A gossip betrays a confidence, but a trustworthy man keeps a secret.
Even toddlers can understand fundamental ideals such as honesty and trust. Yet it can be difficult for their parents to be certain that they are forming values-driven consciences of their own.
In “The Joy of Love,” Pope Francis’s recent Apostolic Exhortation, he stressed the need for formation of consciences amongst the faithful and noted that Jesus “never failed to show compassion and closeness to the frailty of individuals.”
Because the family is one of the main places children learn virtues, parents should work to develop trust from day one, says Michael Donaldson, Diocese of Orange director of the Office of Pastoral Care for Families in all Stages.
“If we develop trustworthiness in our children at an early age, they’ll be more successful in the world,” Donaldson says. “They will be authentic, living in grace, and they will go beyond themselves to care about others.”

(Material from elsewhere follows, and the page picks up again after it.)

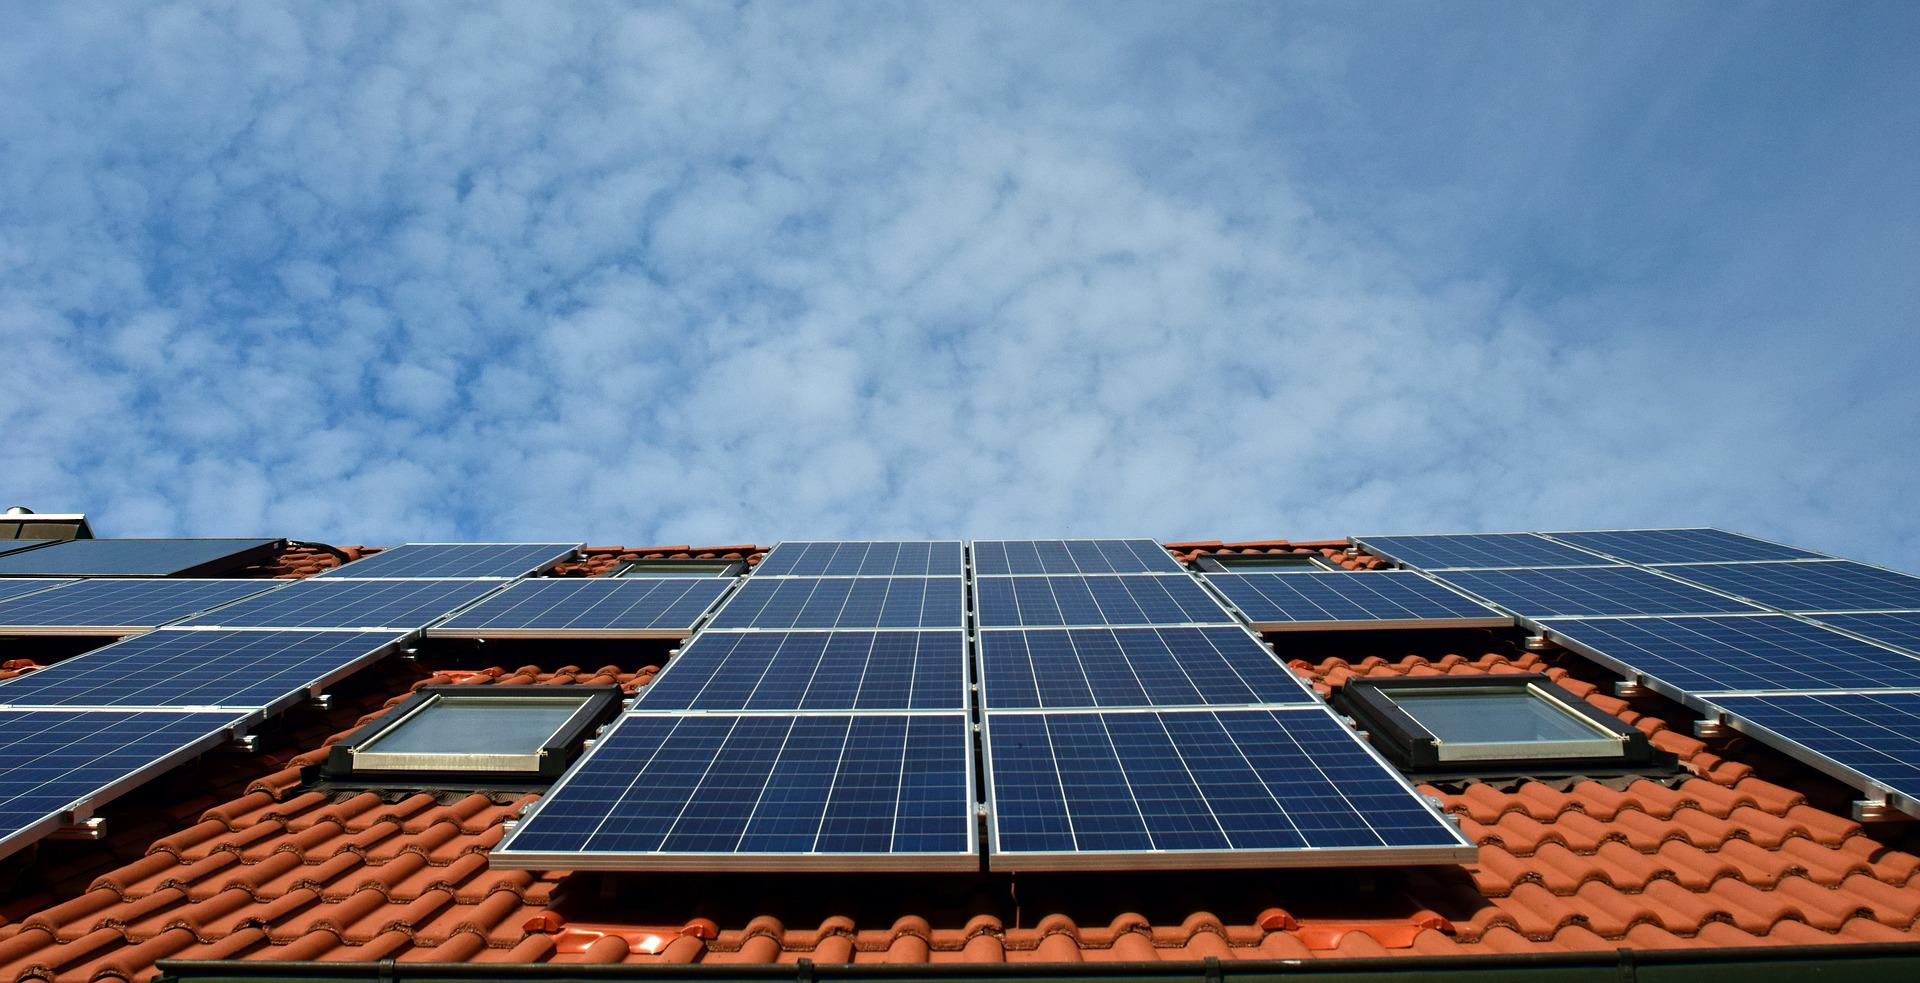 Quer trabalhar com energia solar? Prefeitura de Mossoró (RN) anuncia curso gratuito com 120 vagas para instalador de sistemas fotovoltaicos
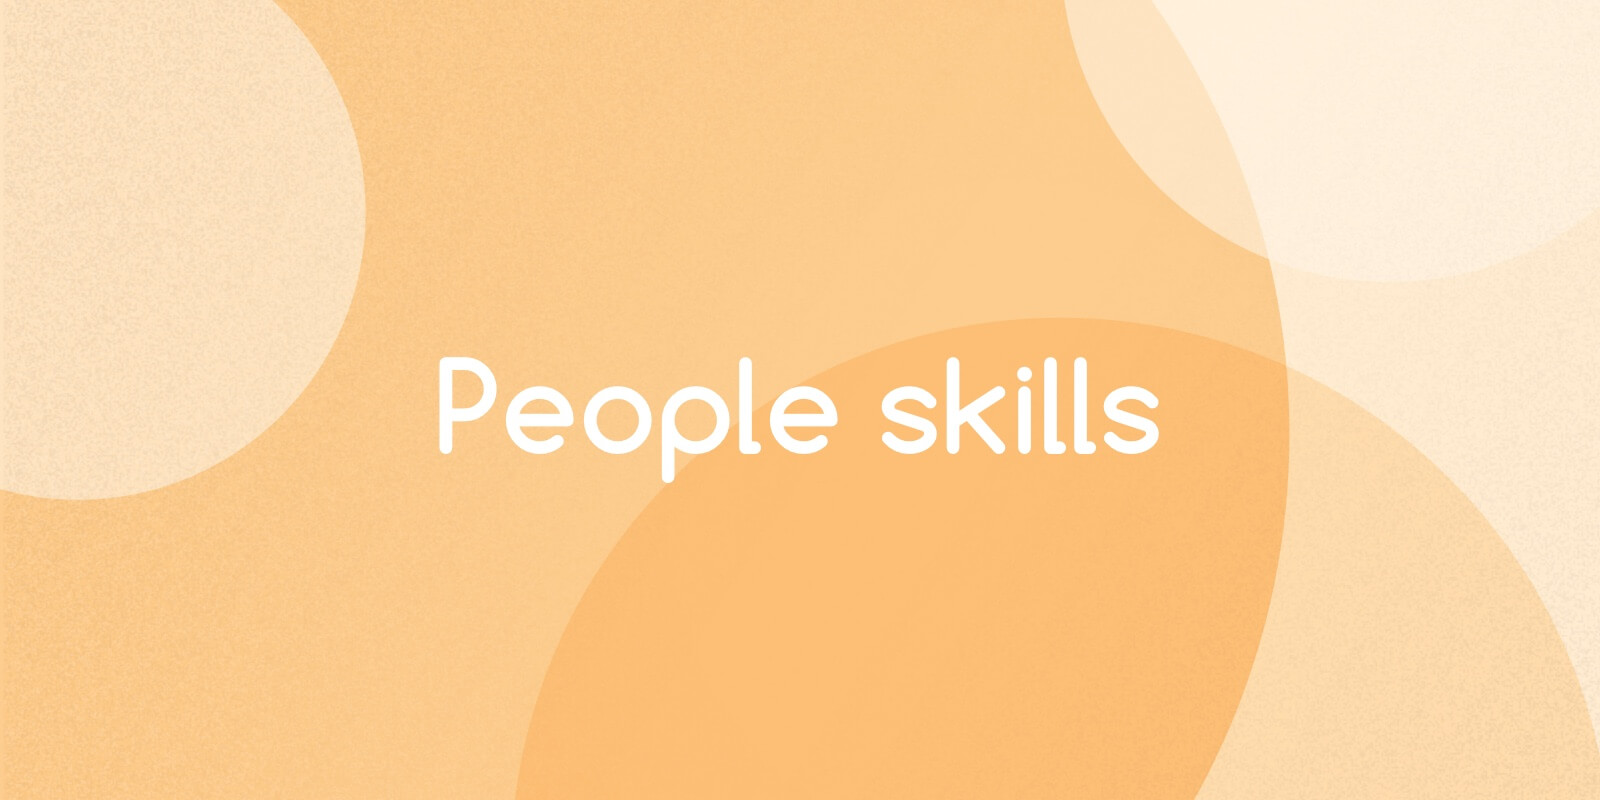 People Skills

That said, it is difficult for parents to be good examples of truth and responsibility. So the Office of Pastoral Care offers training for leaders and provides resources for parents of children from many different backgrounds.
“Our desire is to teach the whole child,” he notes. “It’s important for teachers to know if parents are struggling with discipline, domestic violence or divorce so that they can work with you to figure out what needs adjustment.”
Several online resources list ways parents can help steer their children toward honesty. The Good Men Project offers these tips:
- Be the lesson. Display honesty in everything you do. Don’t underestimate their understanding or try to make excuses for your bad behavior.
- Play detective. Kids lie because they want to make their parents happy – and to avoid punishment.
- Rock their star. Show your kids that being truthful matters by rewarding their honesty.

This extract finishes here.